Owl Cityscape
 

Monday, December 19, 2005

I'm not very much liking this name in print thing. I've been writing for a while but mainly under pseudonyms or for small readerships. This is the first time I've not only had my name, but my face, attached to my work, and I'm not exactly digging it.

I've always loved the idea of falling off the face of the earth. When I left the States five years ago, I did just that. Not only did I withdraw from all the races I was running, but I was not even on the sideline as a spectator or a failed runner. I simply was not there. Like Reepicheep, I'd ridden the coracle to the edge of the world and had gone over.

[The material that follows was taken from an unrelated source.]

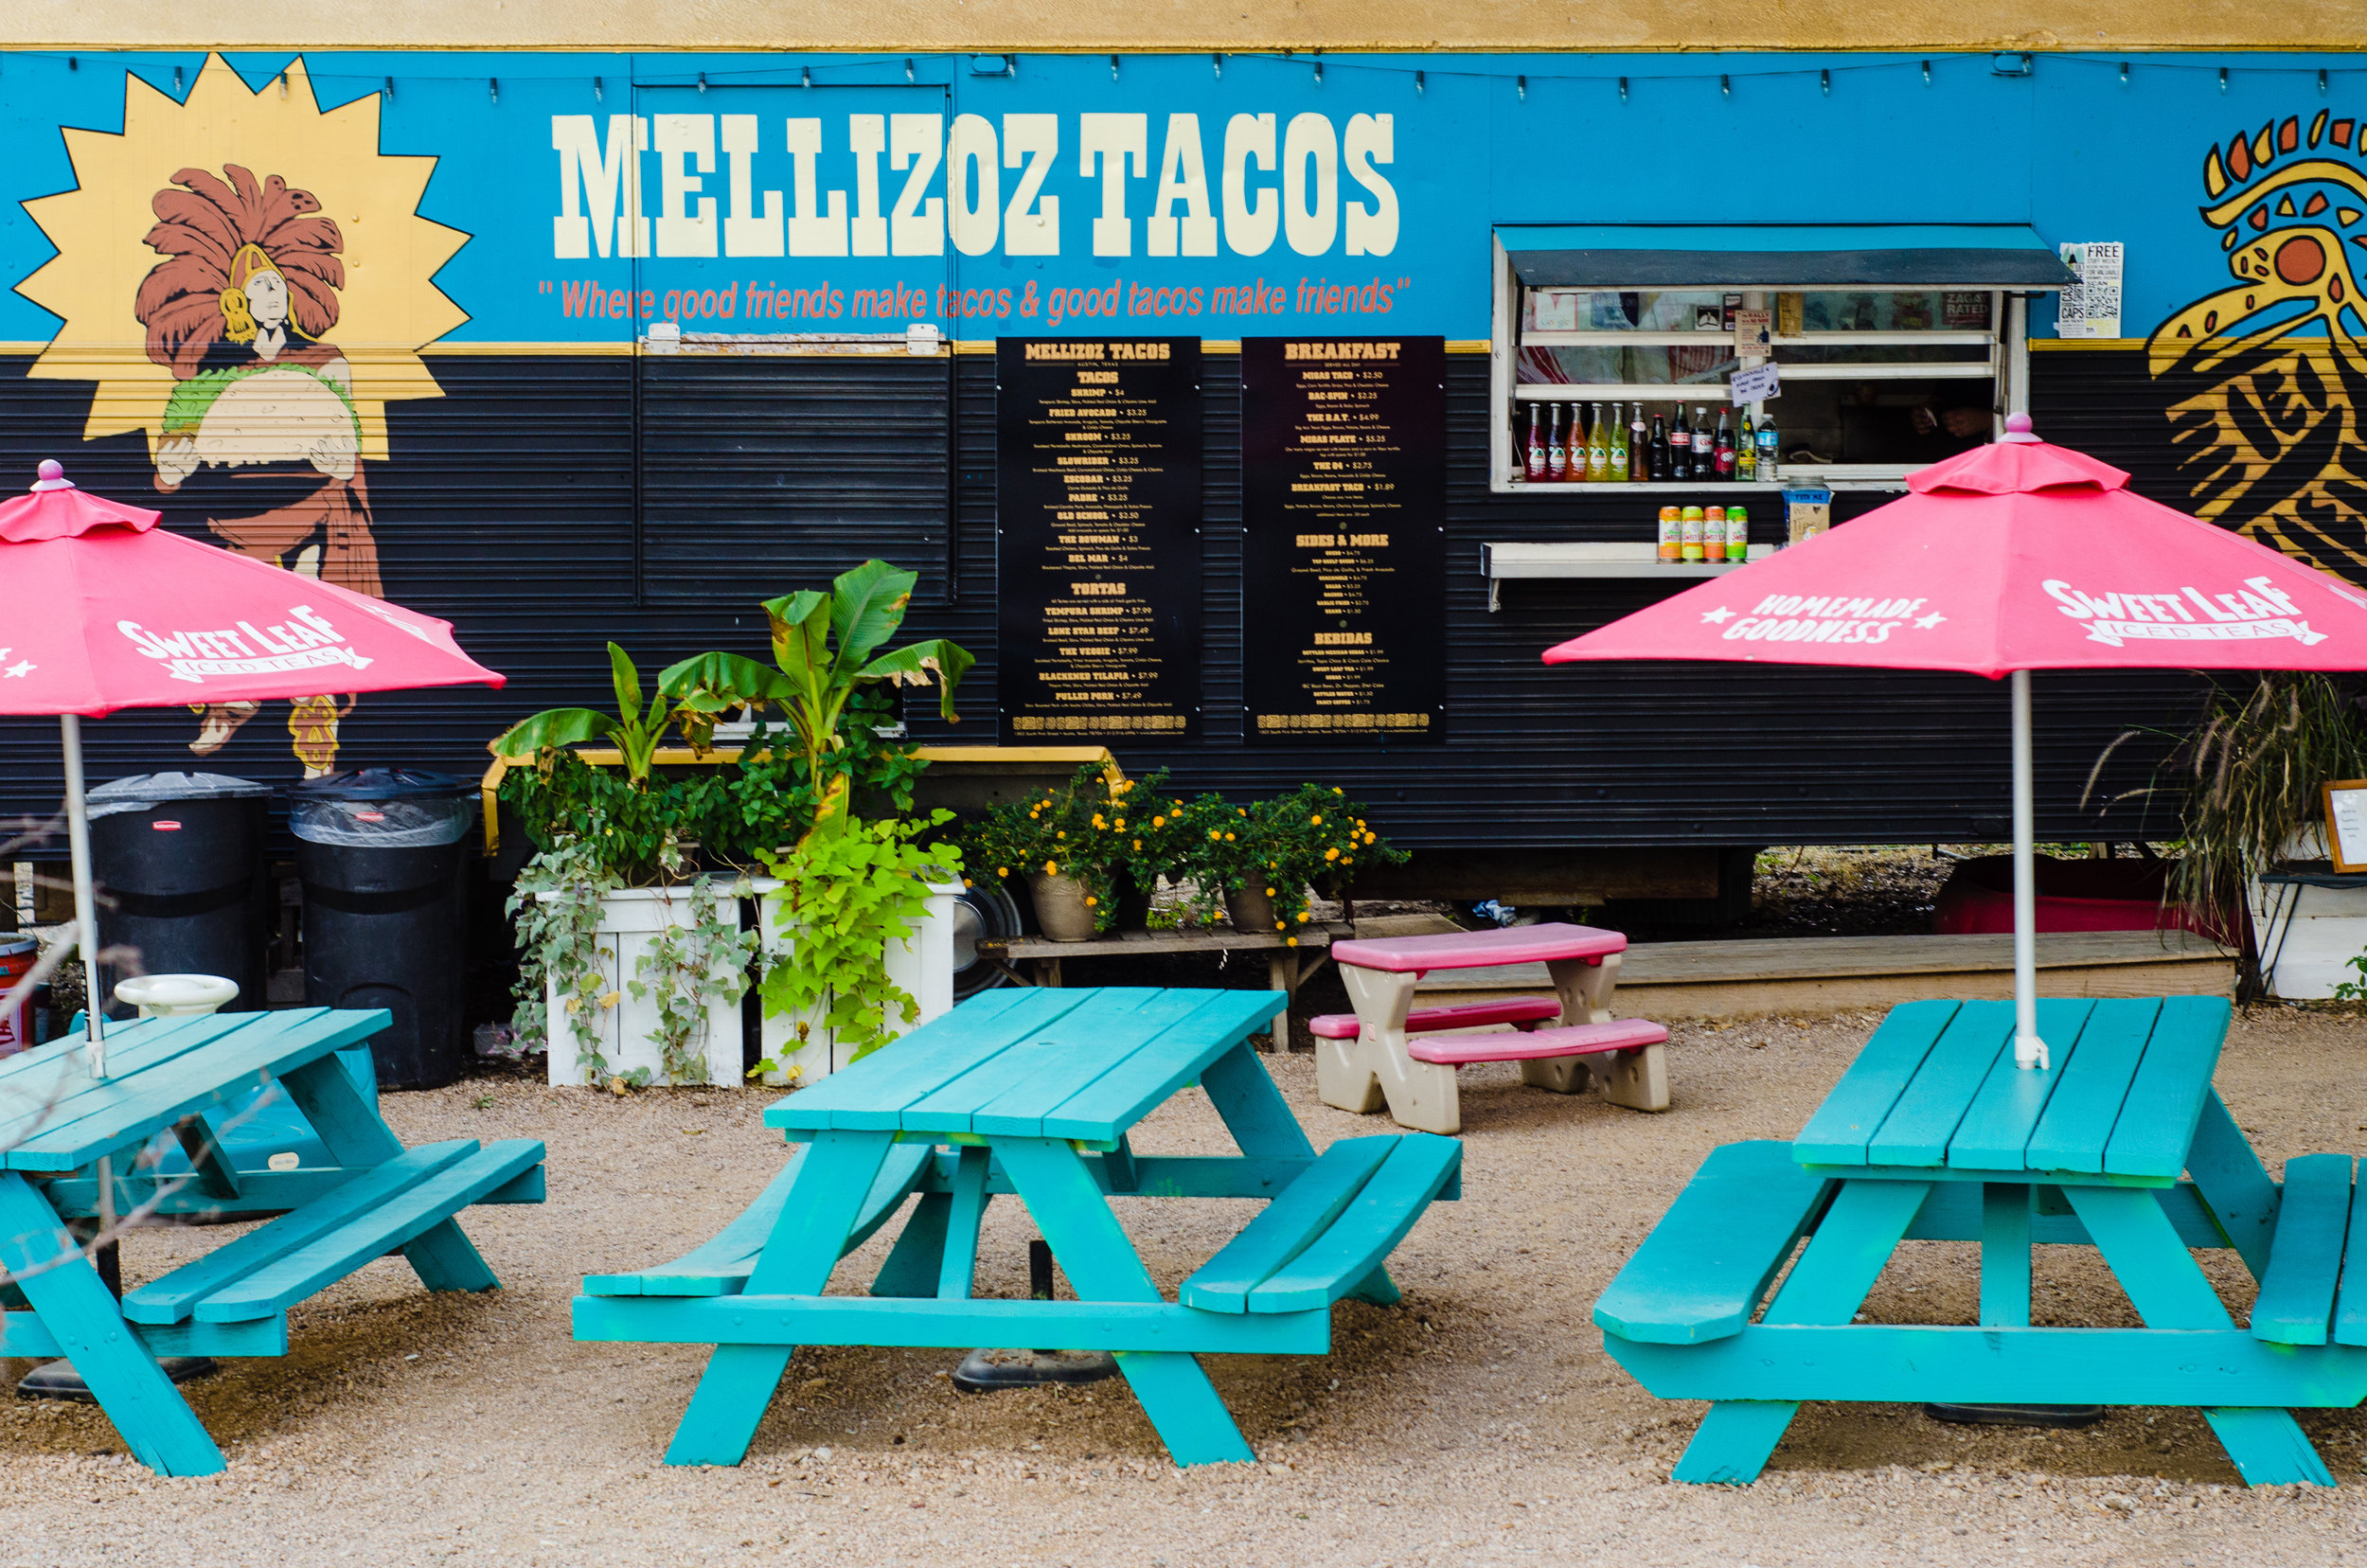 mellizoz tacos-0011.jpg

Coming to the Ew Aye Ee, however, has been like readmitting in the race. I don't like it. I don't want to be running anywhere ever again. You don't get to enjoy the view when you're doing that, and you never get anywhere anyways. There's always a racer far ahead and another road to struggle on. Very tiring and pointless when that's not what the Test is about.

But I have to be here, if only for a short while, Inshallah. When I signed on, I thought I'd come and do quiet desk work. Then I wouldn't be on the radar, I would simply be in the vicinity. That way when I left again it would be simply like a shadow of something that had passed.

But they took me on as a writer, so that' what I'm doing. And while I have asked for a nomdeplume, my boss doesn't jive with it. It's about accountability, they say, and we have to be able to take the heat for what we write. Telling him I'm accountable only to God though, didn’t seem to help much. Your articles get your name, sometimes your photo, and we want you to fight for the frontpage, dammit! Oh blah.

I guess it feels like, if I become a face card in this game, then I'll have a harder time quietly folding when I want to get out. Pride takes hold and your identity becomes a beast of its own. And you always have to have a way to get out. I never want to be tied to anything. If it starts to mean too much, it's time to go.

Sigh. I'm already eyeing my next stop. Anywhere with trees, crisp air, quiet, and a winter. I think the Balkans sound nice.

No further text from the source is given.